Que merda, o Fineas é pesado e não cairá tão rápido, neste ritmo... O tenente me ignora e corre em direção à raposa. Maldito!
Eu o sigo. Quando quase o alcanço, ele se vira e crava a espada na minha barriga. Mesmo com a resistência mágica, a espada transpassa minha roupa. É um ferimento sério.
— Muito inocente — diz Fineas.
Bum! Uma onda de impacto e a luz de uma explosão menor me alcançam, exatamente ao lado esquerdo do rosto de Fineas. Forte o suficiente para ferir seu olho e fraca o bastante para não me machucar junto.
— Urgh! Que dor! — grita o tenente. Aproveito e cravo a adaga na axila esquerda dele. É só aqui que meu braço alcança. — Ah! Desgraçado!
Ele remove a espada da minha barriga, e o sangue sai com violência de meu corpo.
Fineas joga seu escudo fora. Machucado na axila, já não conseguirá movimentá-lo como antes. O objeto se tornou inútil.
Como uma serpente acuada, será ainda mais perigoso. Aproveito-me enquanto o tenente se recupera, e parto em direção à raposa.
Será melhor se estivermos próximos. Se conseguir defendê-la, ela poderá usar magia e os derrotar. Ela parece ser forte. Sim, a Srta. Raposa é muito forte.
— Seu merdinha! — grita Fineas.
Você fala demais!
— Vai, Raposa, eu ajudo na defesa e você ataca!
— Humpf! — resmunga e vira o rosto para o lado.
Isto não é hora para orgulho! Um soldado se aproxima, e eu defendo com o bracelete.
Bum! Outra explosão. Ela é uma maga realmente poderosa! Faltam nove agora!
Outro soldado investe. Novamente defendo e eu mesmo o finalizo. Acerto seu pescoço e deslizo a lâmina. Sinto o sangue, ainda quente, do soldado verter sobre meu pulso.

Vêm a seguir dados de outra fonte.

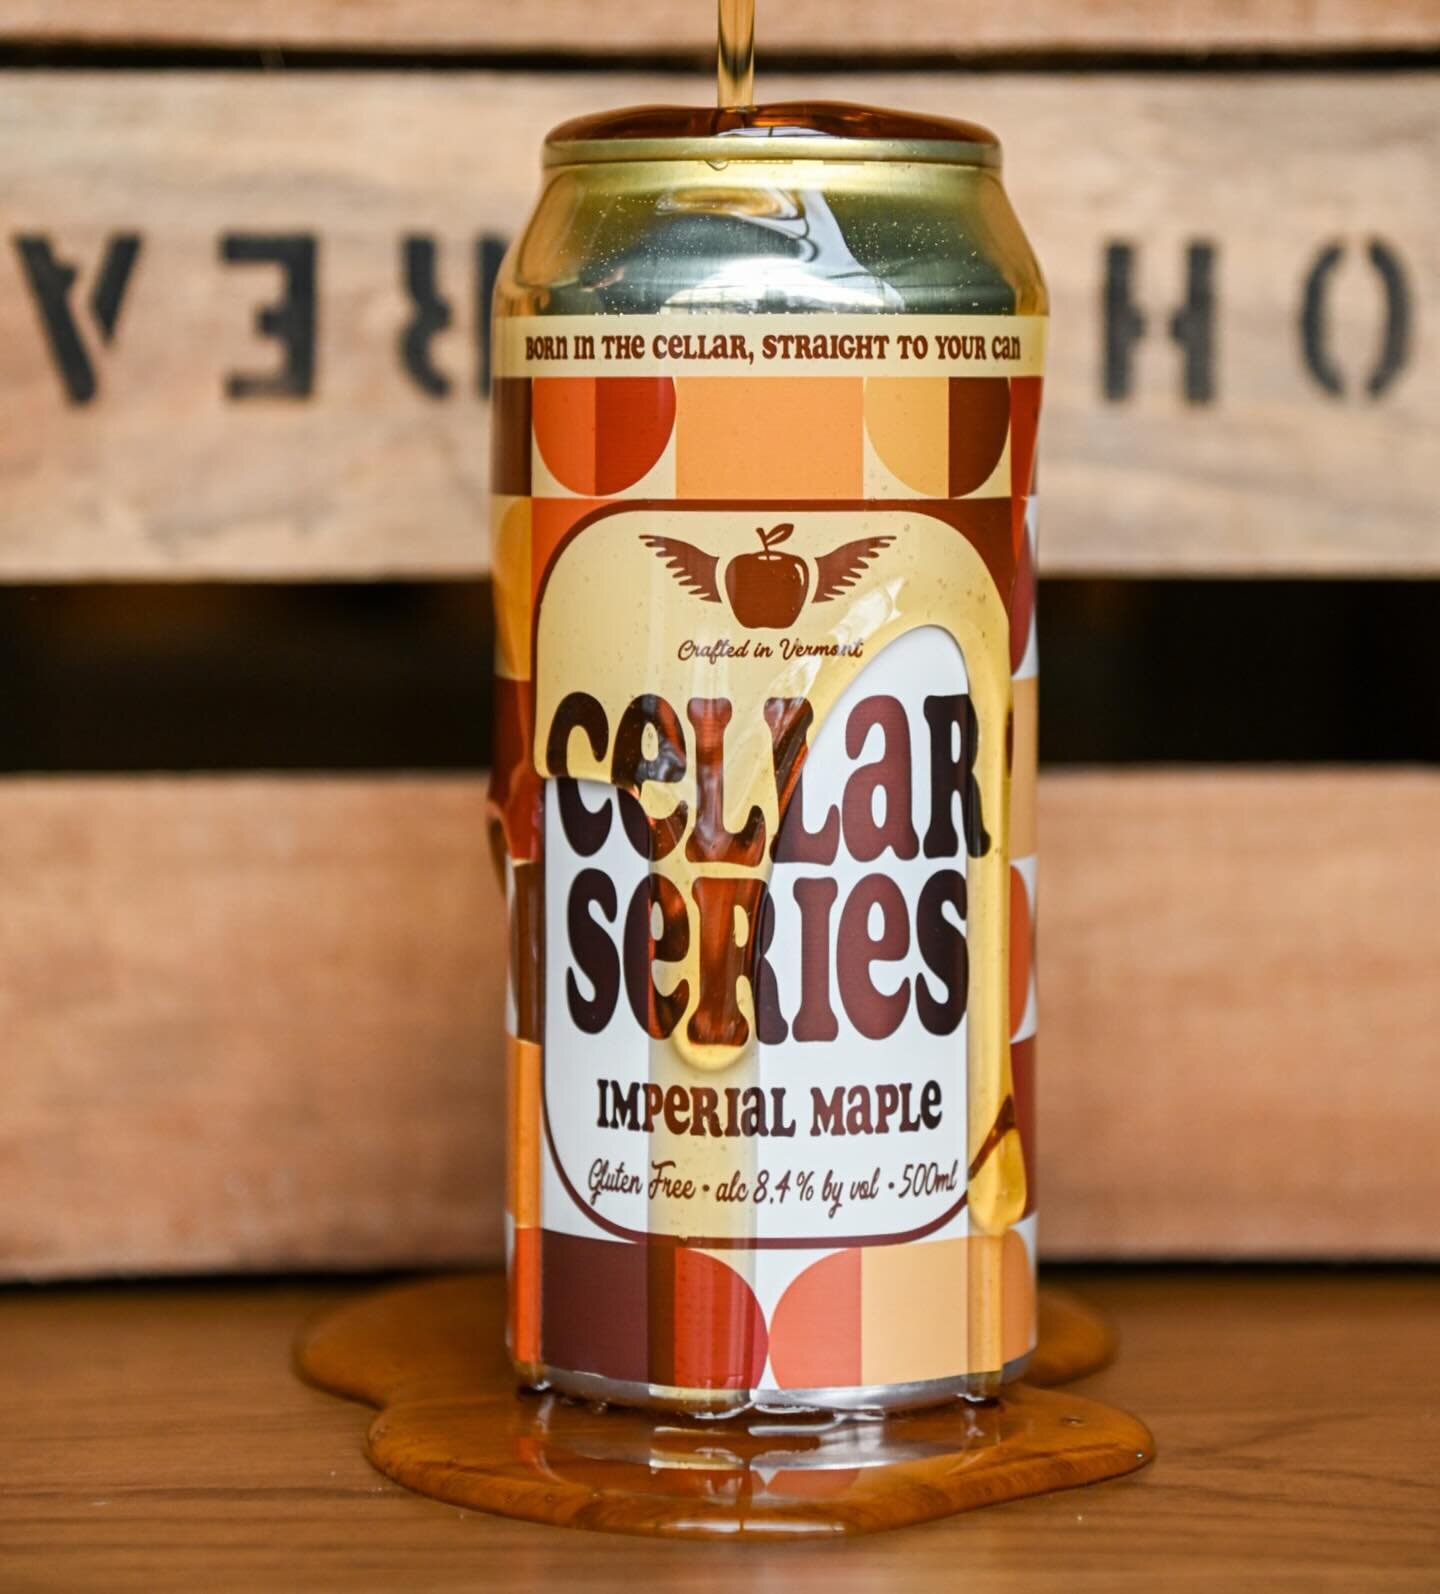 You guessed it! The latest installment of our Cellar Series has arrived, in honor of Vermont&rsquo;s 5th season - Maple Season. Imperial Maple is an 8.4% blend of fresh pressed apples and maple syrup straight from our friends down the road at @nebras

Faltam oito! Conseguiremos. Fineas se prepara para atacar a Raposa. Droga, ele é rápido, mas eu consigo! Coloco-me entre os dois.
Outro golpe descendente, mas com ambas as mãos na empunhadura. Preciso defender de novo.
— Ignis! — ele exclama.
Sinto a espada de Fineas impactar contra o meu ombro direito. Ela atravessa a minha carne e para no osso da clavícula. Ele é mais forte do que eu, e a pancada me prostra de joelhos.

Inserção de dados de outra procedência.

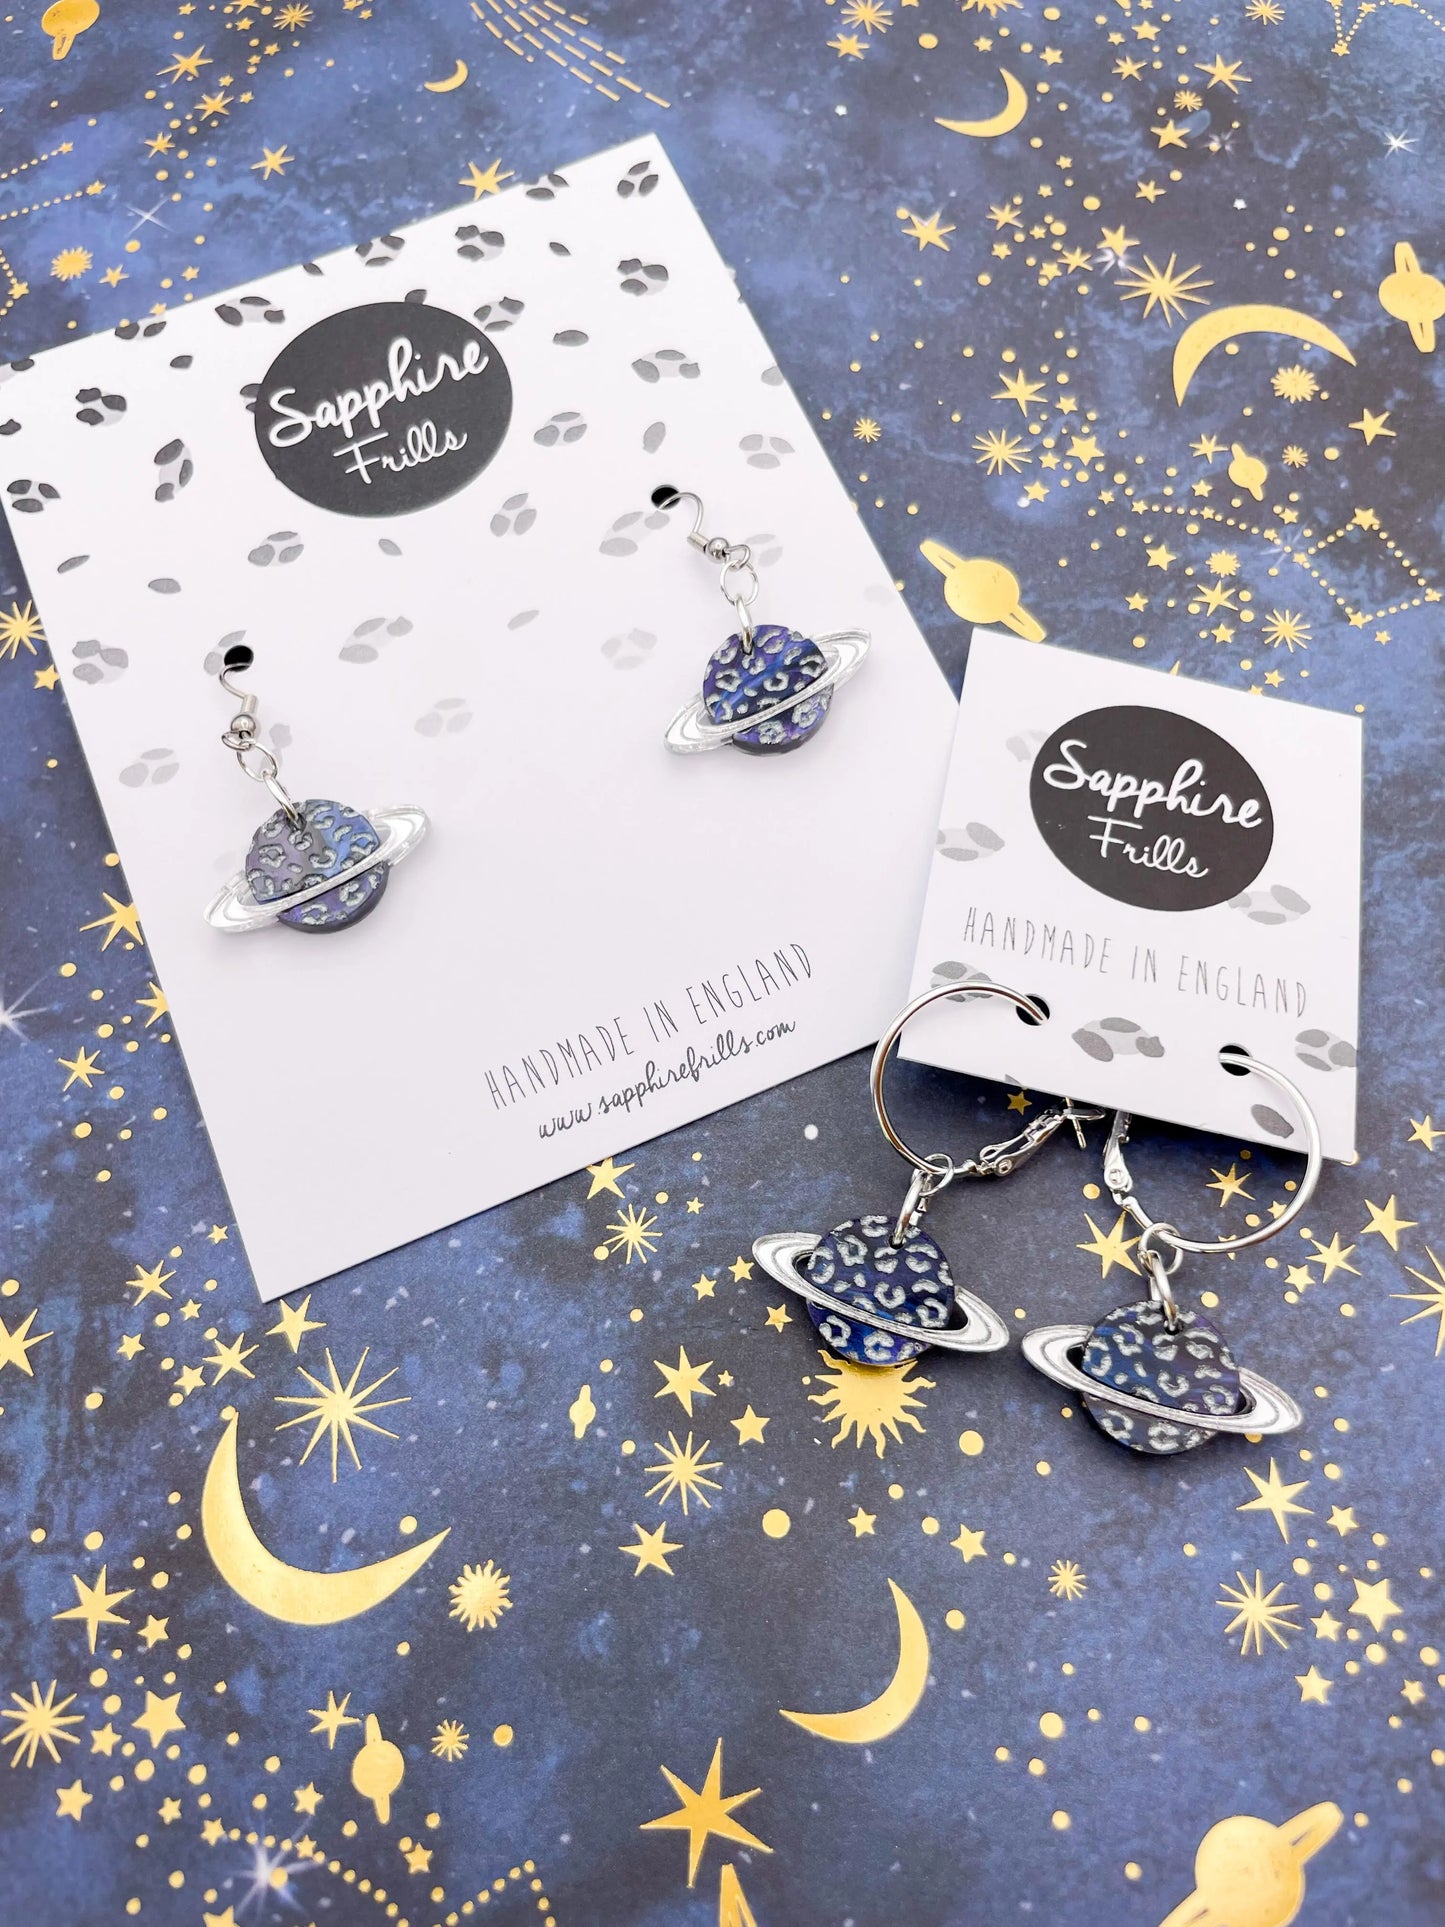 Medium Silver Night Sky Marble Acrylic Leopard Print Planet Dangle Earrings from Sapphire Frills

Não vejo nada. Mal sinto a adaga na minha mão. Acho que eu a deixei cair.
Tento colocar a mão direita no rosto, por conta da luz, mas só sinto algo viscoso encostar: é meu sangue.
Cambaleio para trás, e minha visão volta. Fineas me chuta para o lado, e caio a poucos metros da Raposa.

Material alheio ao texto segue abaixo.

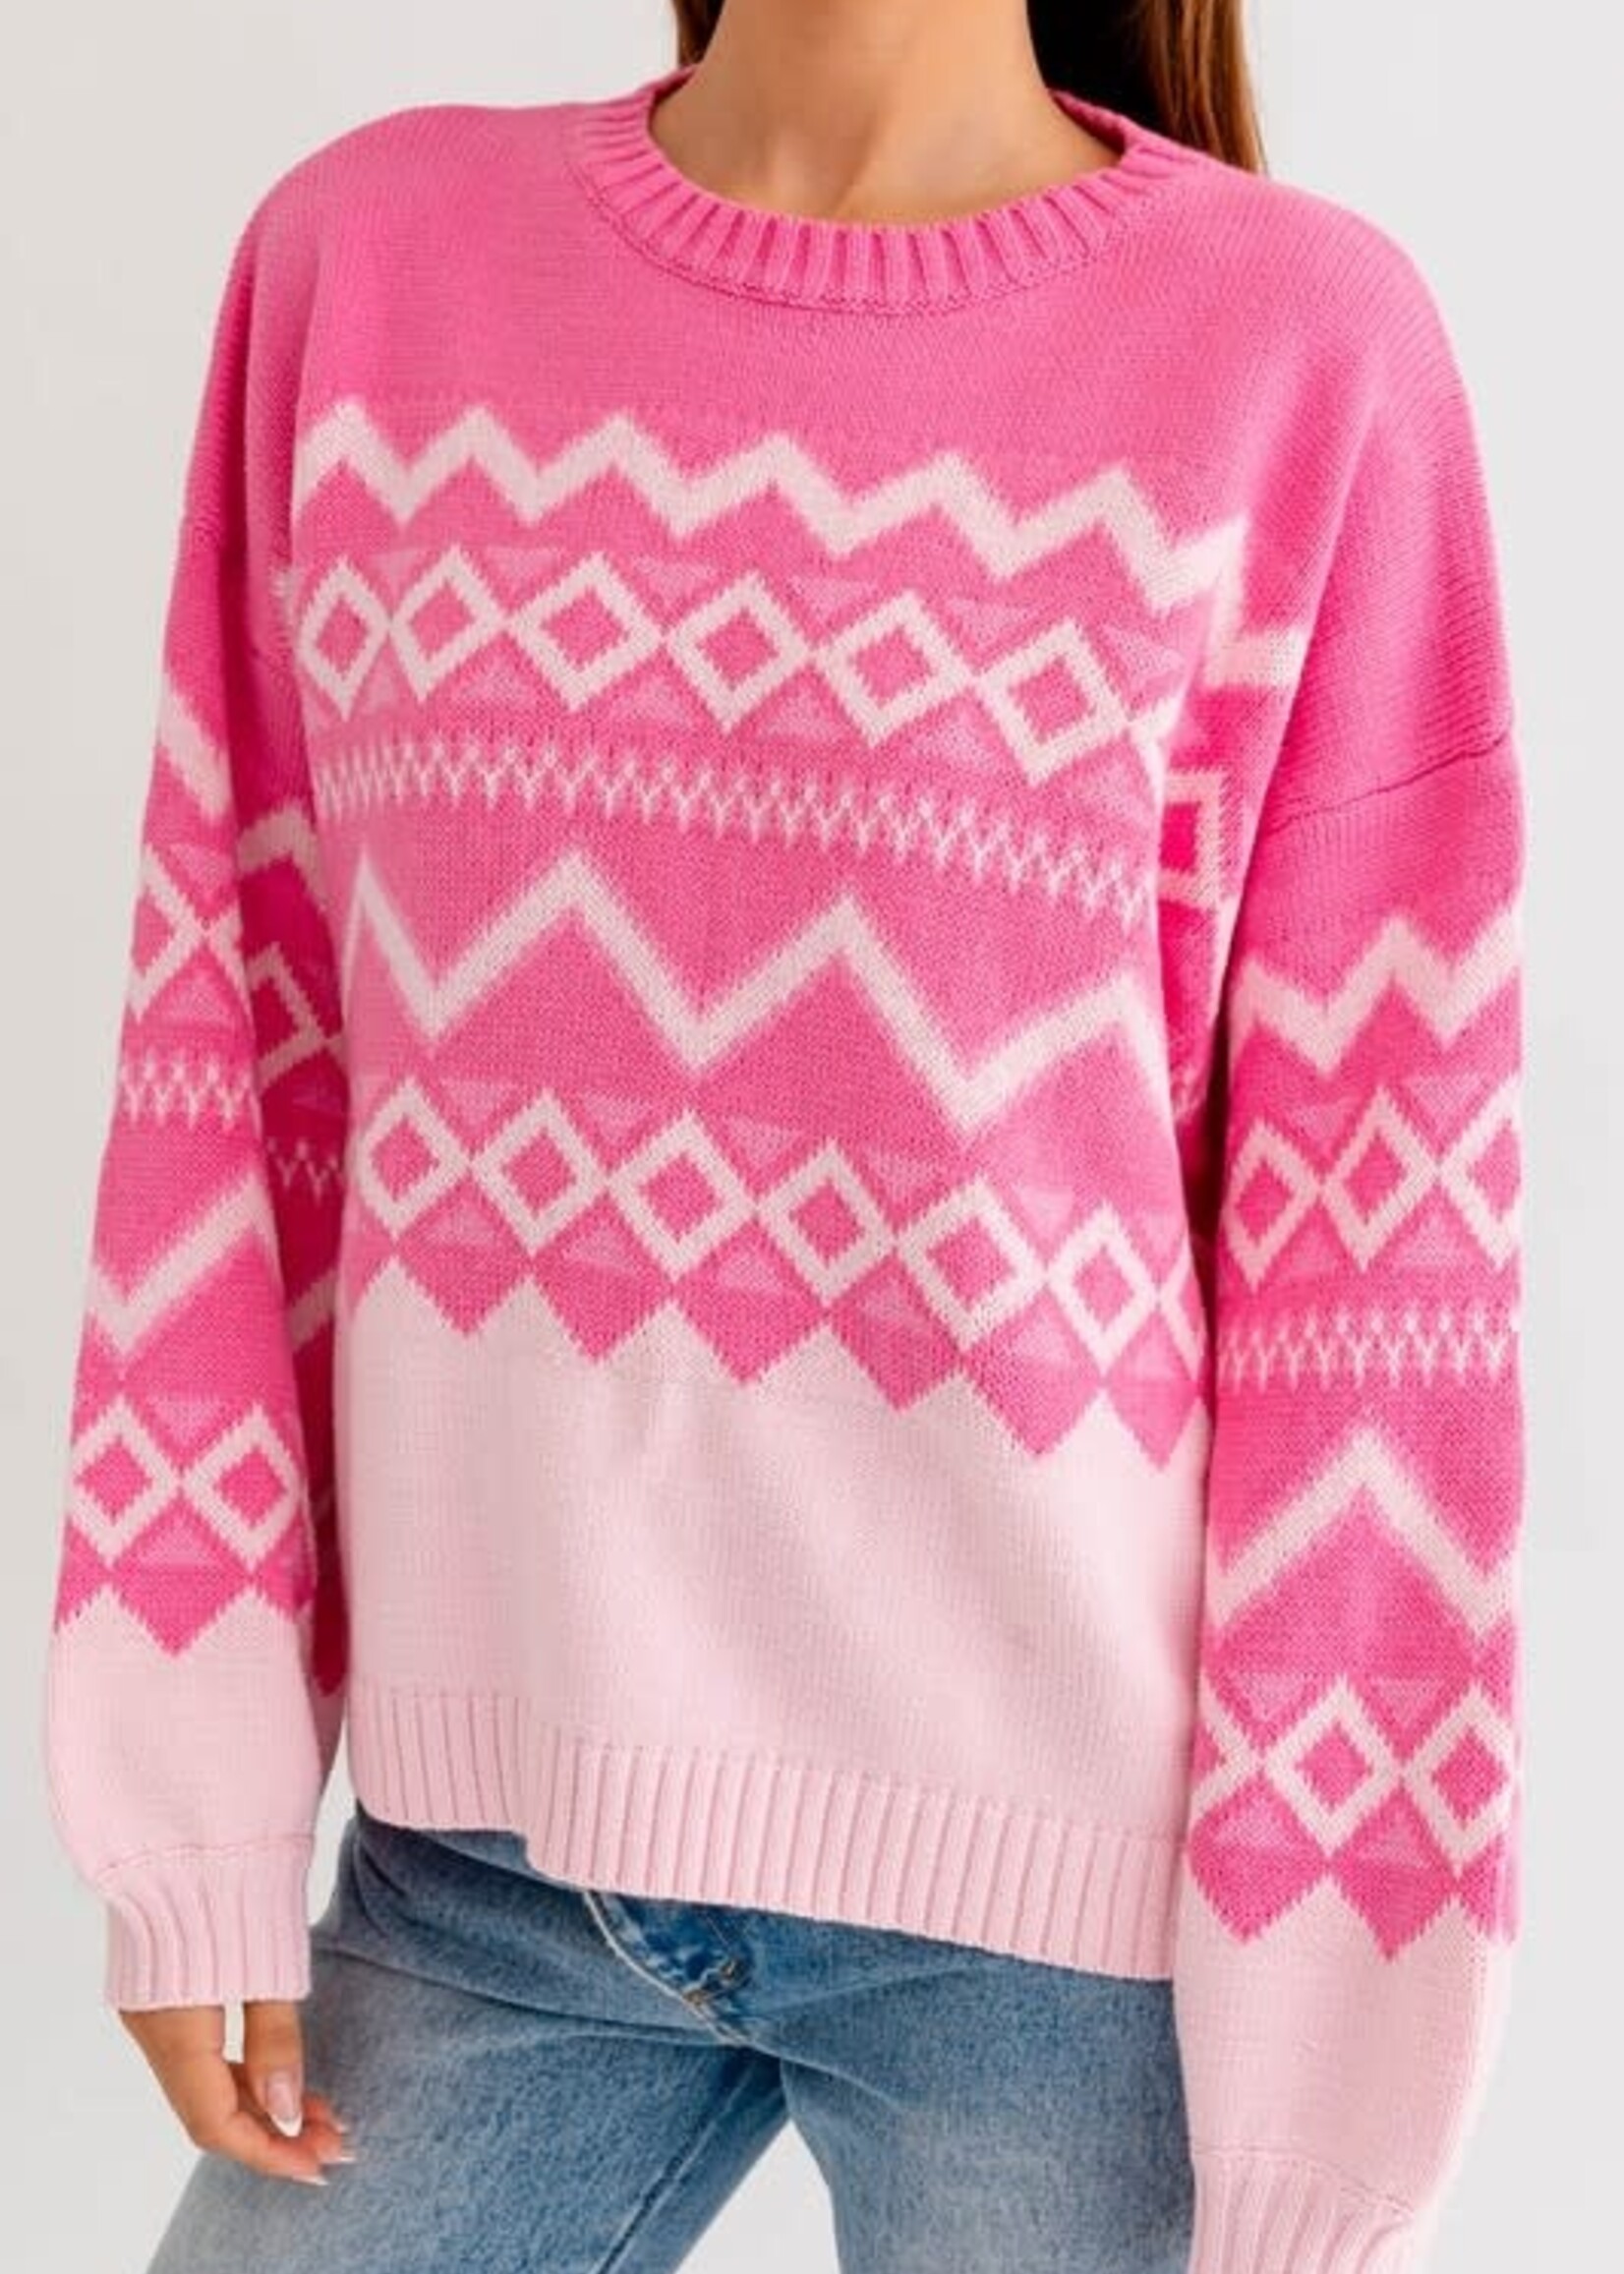 Pinky Promise Sweater

Vejo uma mão decepada, caída no chão. Também há uma adaga ali e um bracelete preto e branco, que rola para perto da raposa, a uns dois metros de mim agora.
Olho para minha mão direita e concluo que não está mais ali. Há apenas sangue que jorra sem parar.
— Acabou! — diz Fineas, enquanto investe contra a raposa novamente.
Longe deles e caído, não conseguirei fazer nada. A Raposa está cercada pelos demais soldados e morrerá.
Cintia me vem à mente. Nós dois vamos morrer aqui. Mas por que me sinto tão leve agora?
Recordo desta sensação, e é a mesma do sonho que eu tive na cabana. Um sentimento de que eu perdi algo que ainda não tenho. Como acordar e esquecer do que sonhei.
Só faltavam mais três dias. Estávamos tão perto, professor. Pego a adaga com a mão esquerda, levanto e me preparo para correr em direção à raposa.
Não dará tempo, mas não importa, preciso tentar. Eles vão matá-la e tudo que posso fazer é gritar. É o que faço. — Fujaaaaaa!
Eu nem sei o que acabei de dizer, já nem lembro mais.
Fineas e a raposa param e me olham, eles arregalam os olhos, já os demais soldados ignoram e continuam a investir contra a raposa.
— Vitale! — aduz Fineas, enquanto posiciona o dedo indicador no próprio peito.
Quase que ao mesmo instante, os olhos da raposa brilham em branco, assim como sua cauda.
Uma esfera cinza e translucida se forma em volta de todos nós, a qual me lembra a magia da pedra de silêncio, mas esta é esférica.
Uma brisa suave toca minha pele e escuto um zunido que recorda um assovio. Fiiiuuuuuu.
A esfera, com um raio de uns trinta metros, encolhe rapidamente e some no meu peito. O sentimento é como respirar ar frio.
Os vaga-lumes, que pairam pelo ar, param de brilhar e caem na grama. Cinco dos soldados desmaiam pelo chão, junto deles.
Só restam de pé a raposa, Fineas, dois soldados e eu.
A grama se seca gradualmente e forma um círculo em volta de mim, do mesmo tamanho daquela esfera.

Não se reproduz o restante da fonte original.